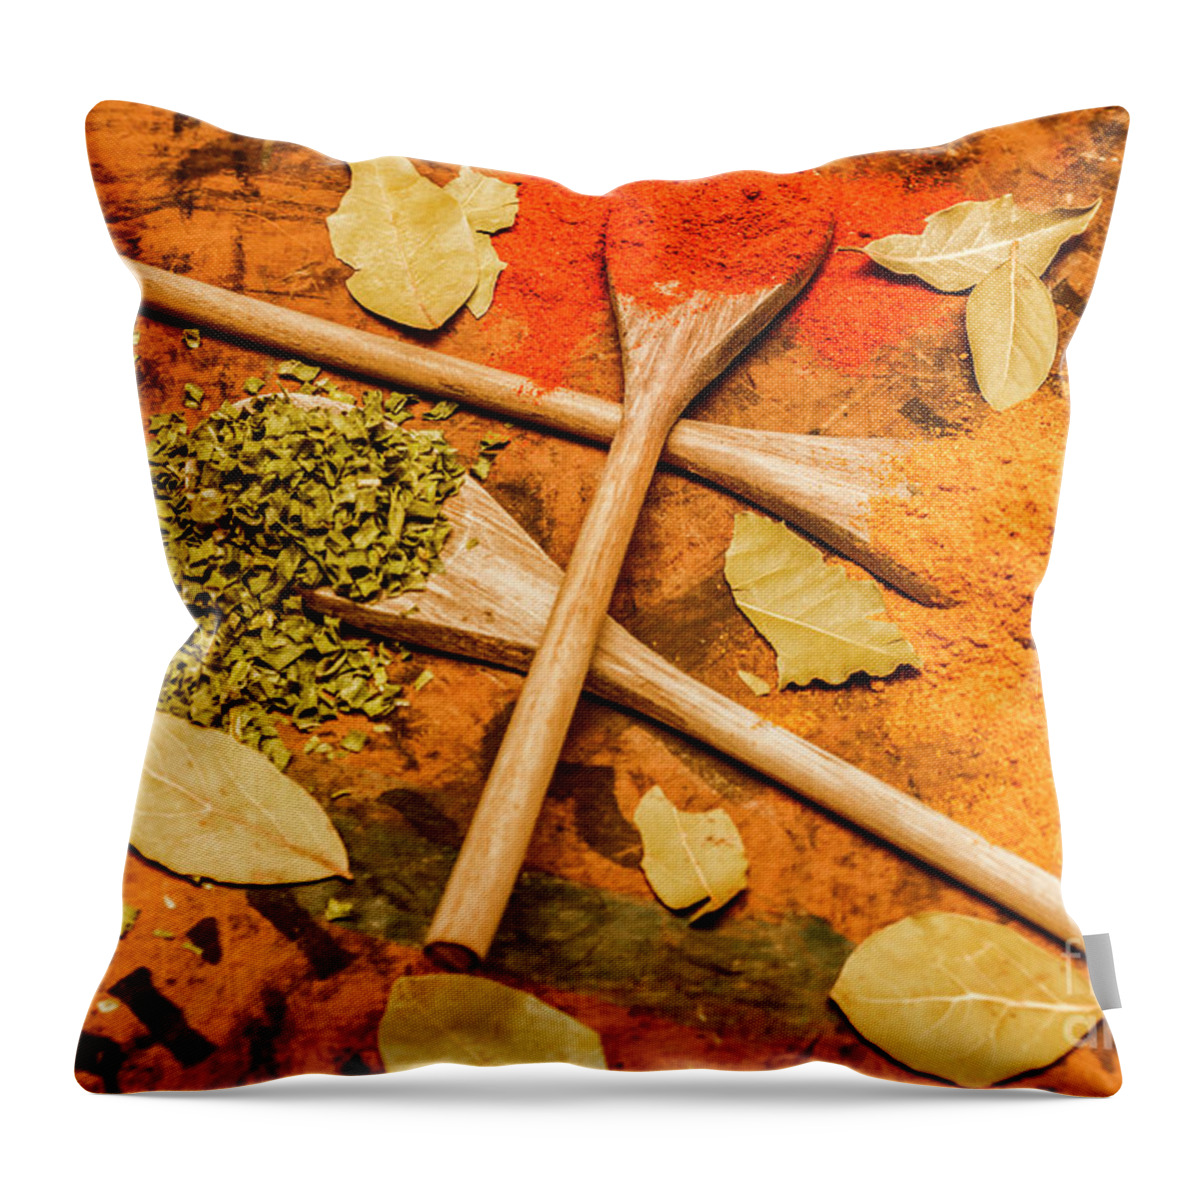 Powder Throw Pillow featuring the photograph Spicy kitchen ingredients by Jorgo Photography
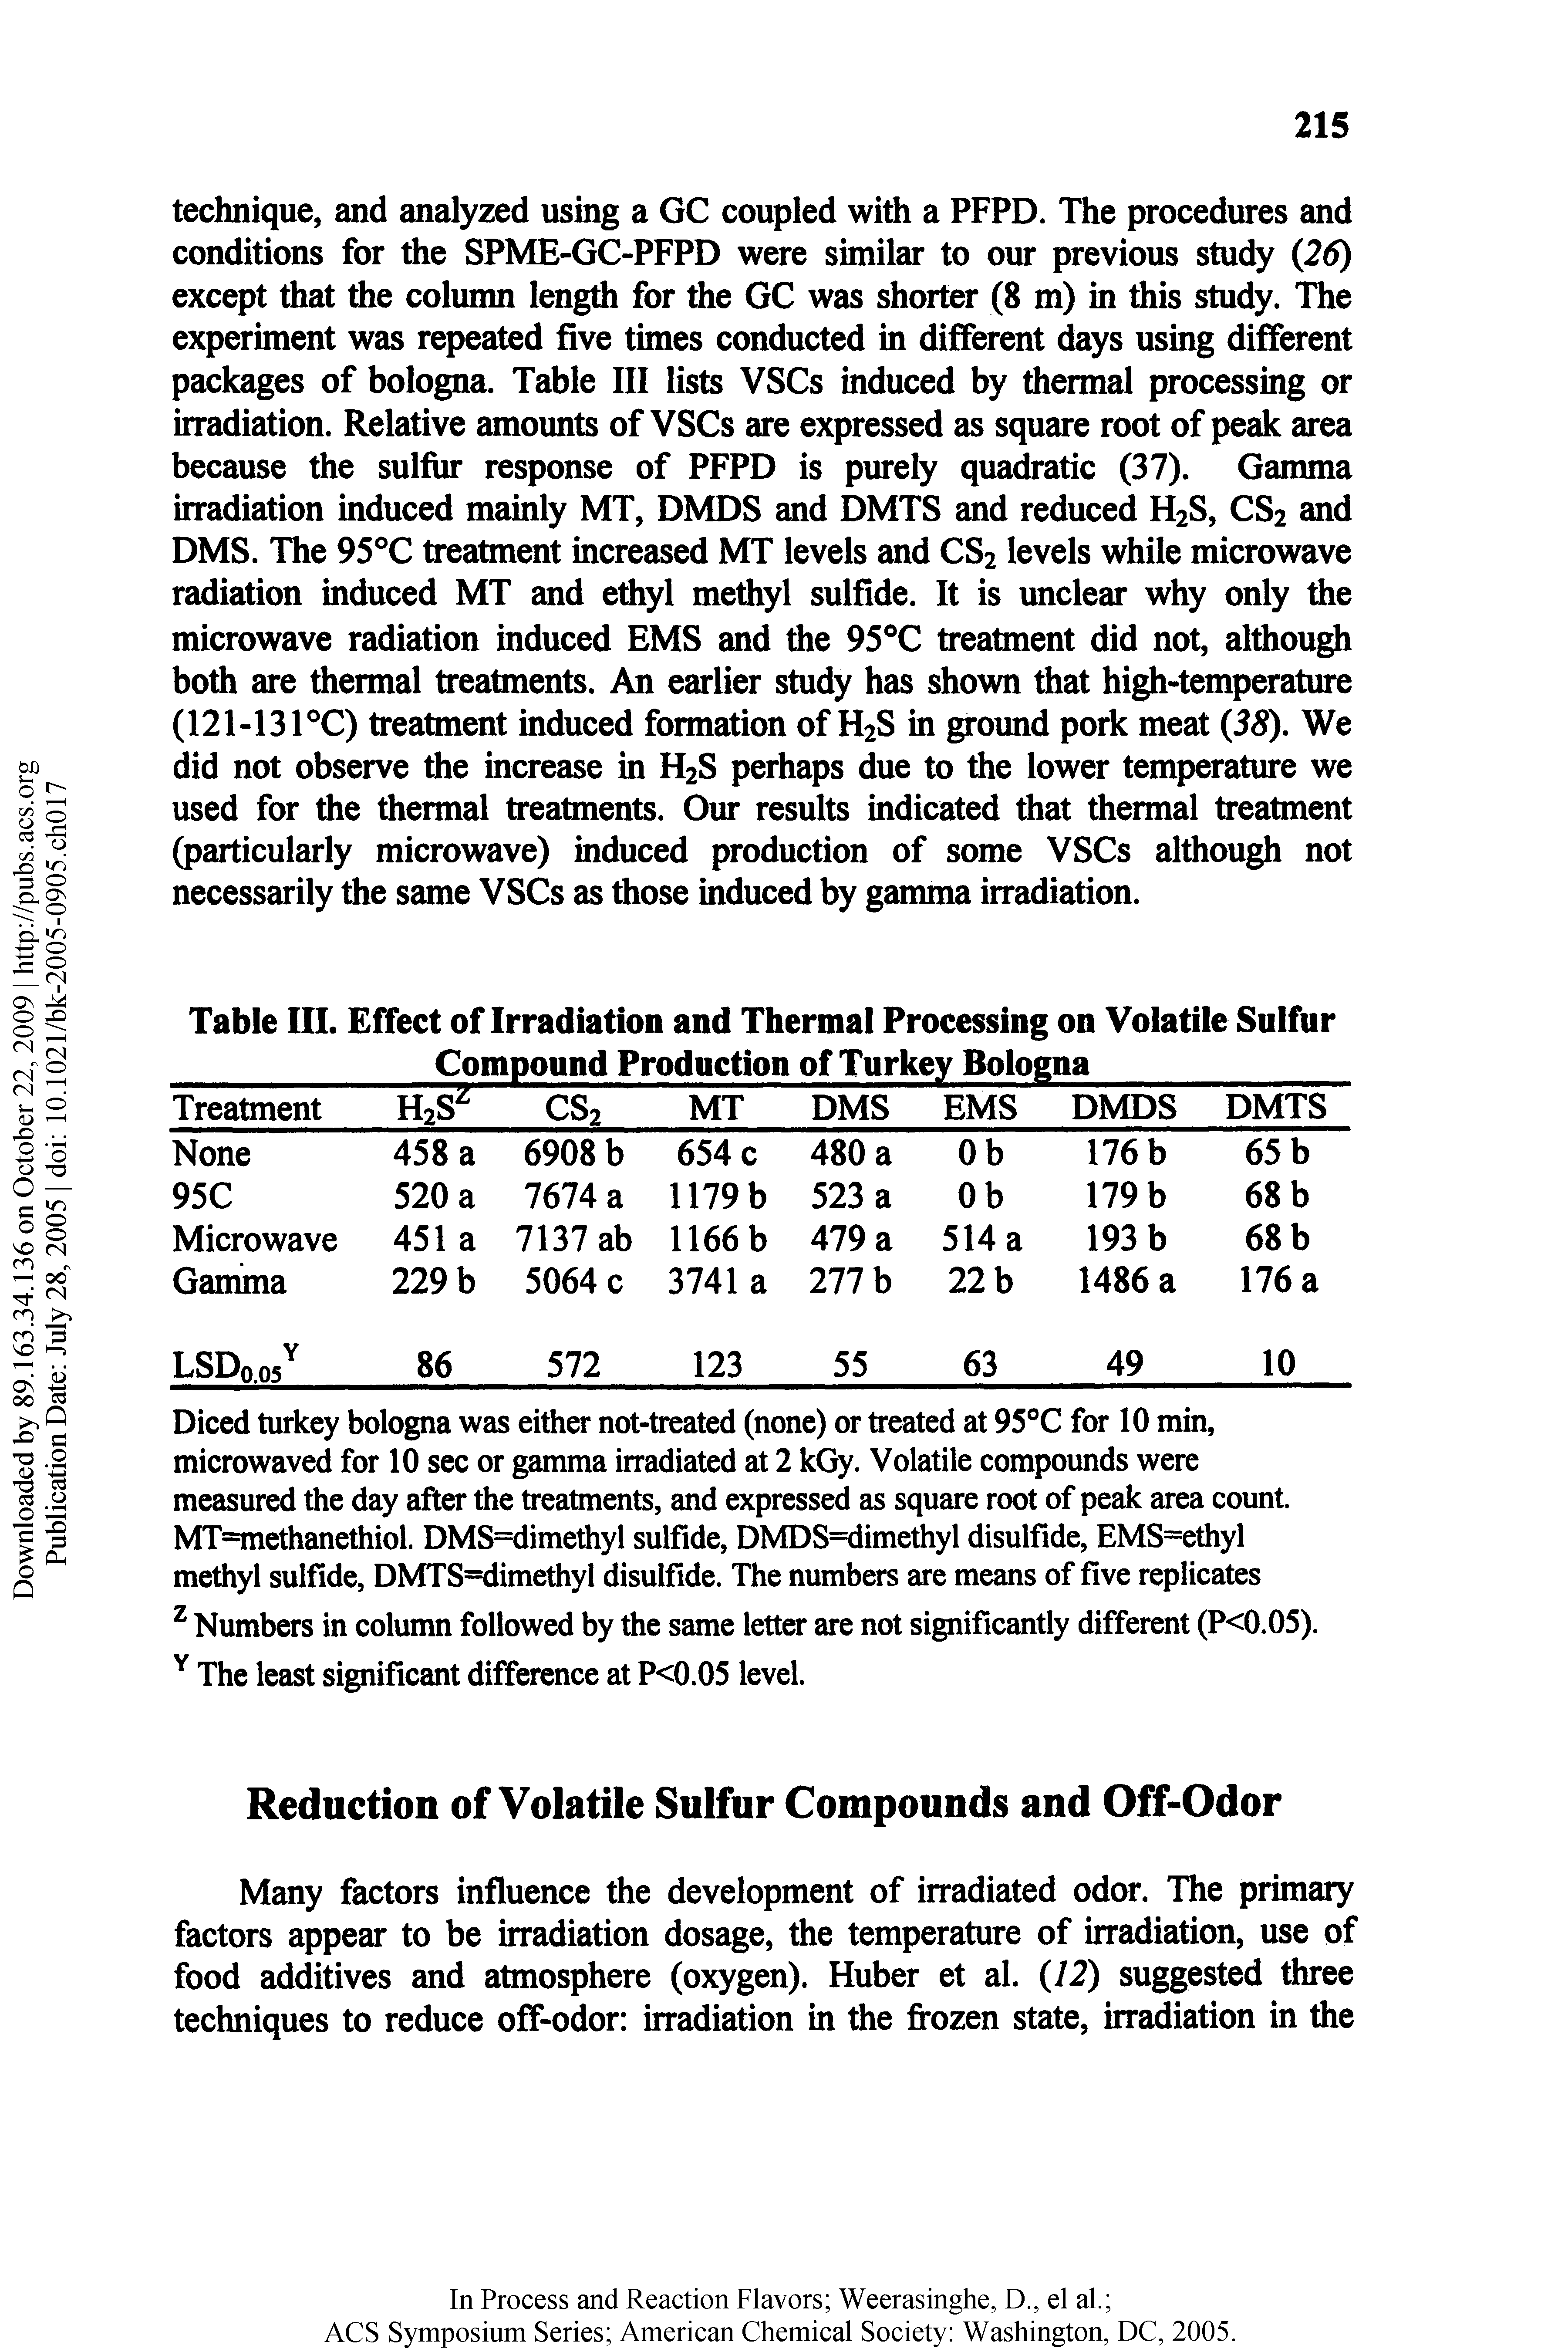 Table III. Effect of Irradiation and Thermal Processing on Volatile Sulfur...
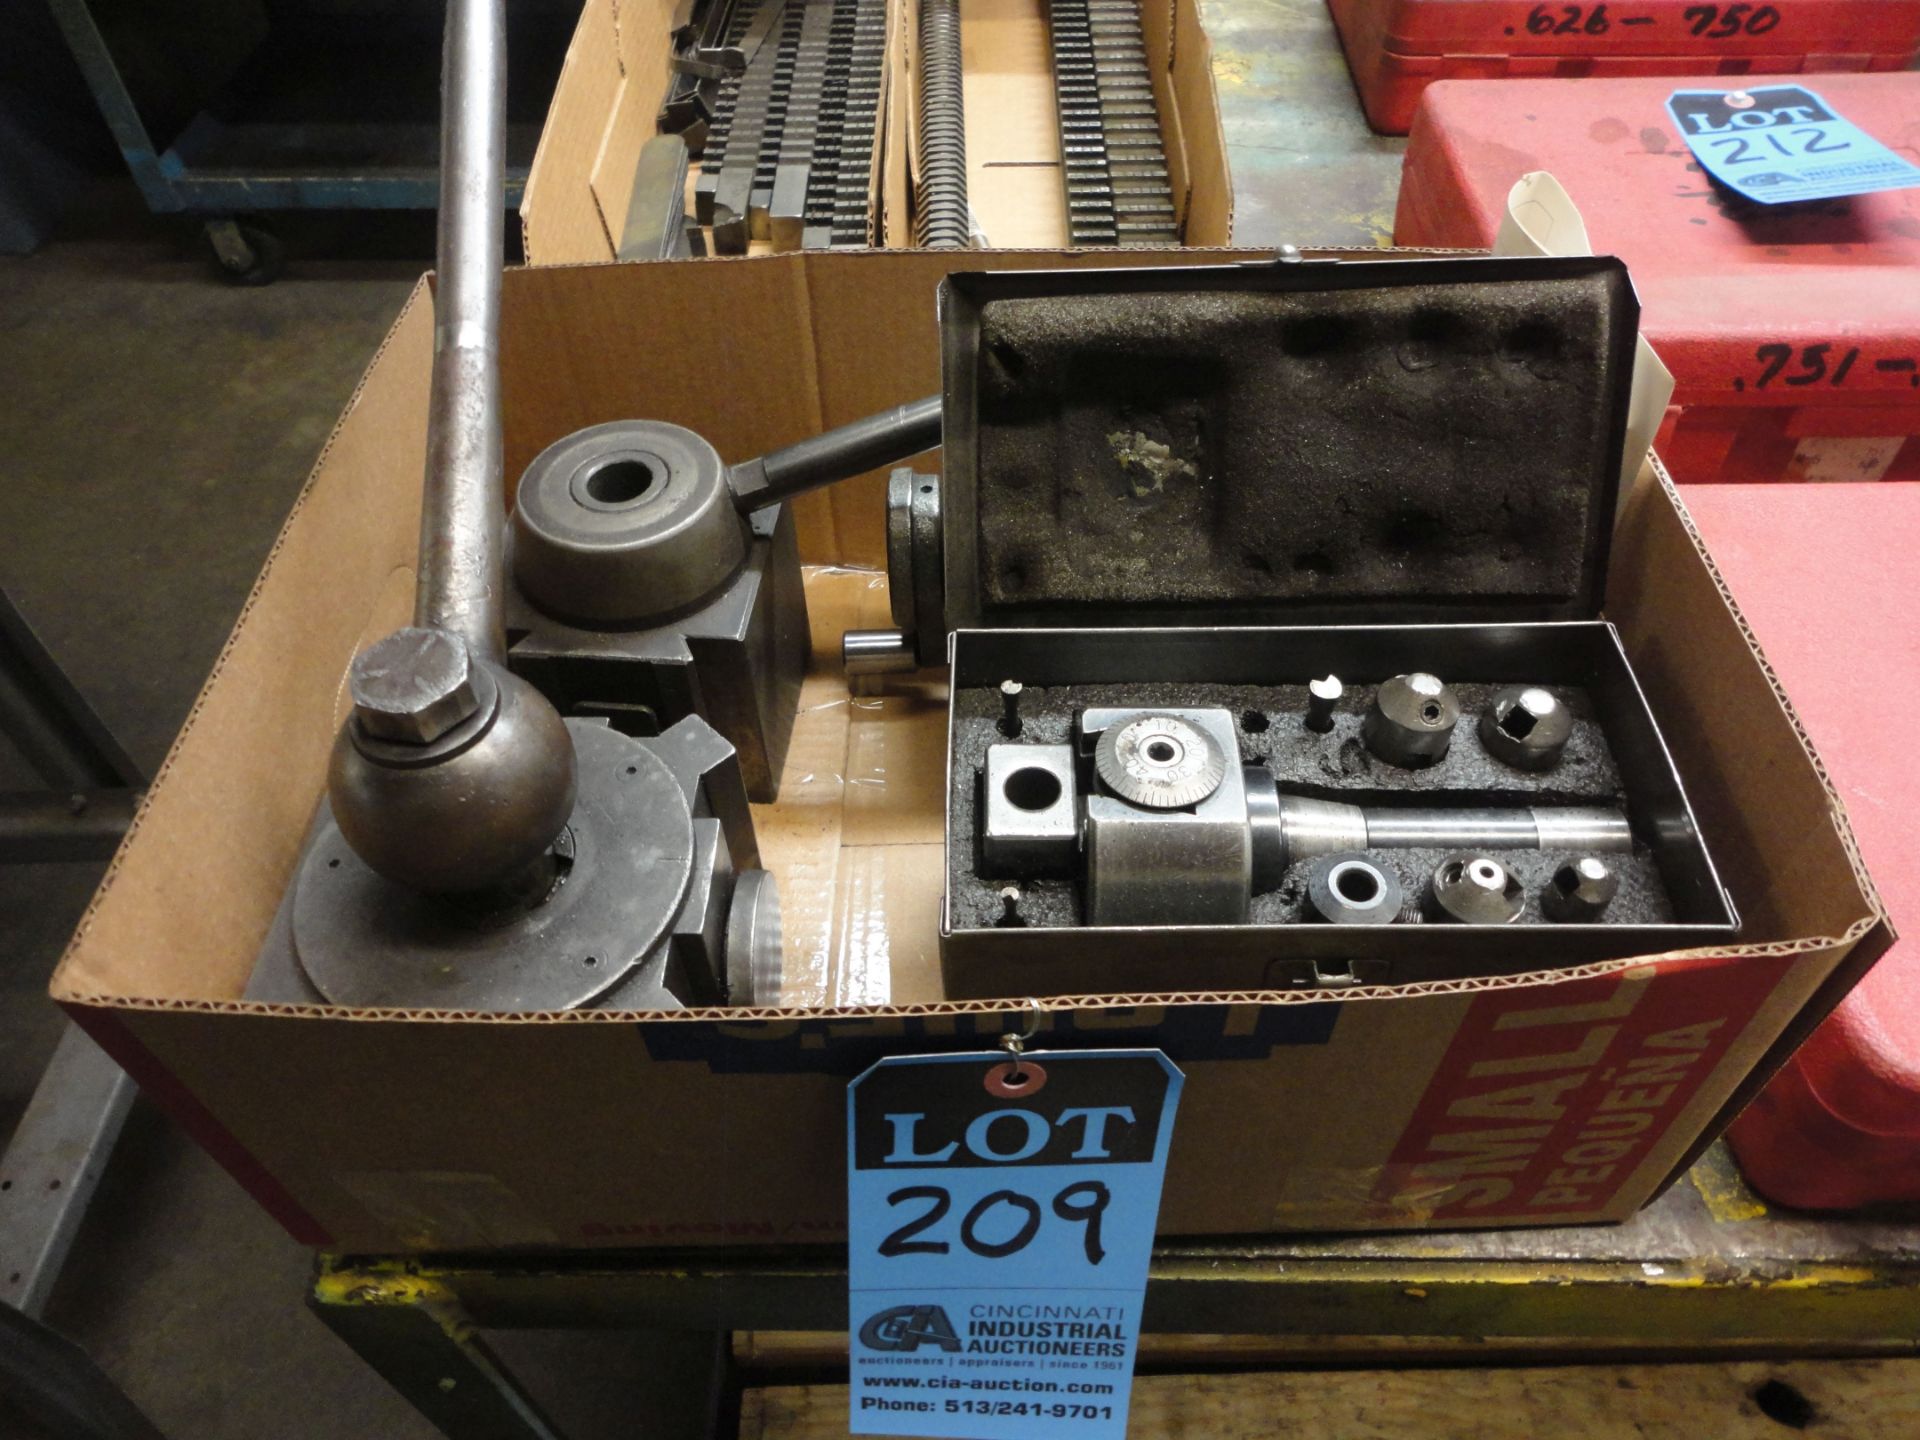 (LOT) 5-C SPIN FIXTURE, INDEXABLE BORING HEAD & LARGE QUICK CHANGE TOOLHOLDER

YOUR GOAL — The required output is the span of lines from the line with "Table III. Effect" through the final line of the listing above, reproduced exactly, minus the pictures.

REPLY —
 Table III. Effect of Irradiation and Thermal Processing on Volatile Sulfur...
 (LOT) 5-C SPIN FIXTURE, INDEXABLE BORING HEAD & LARGE QUICK CHANGE TOOLHOLDER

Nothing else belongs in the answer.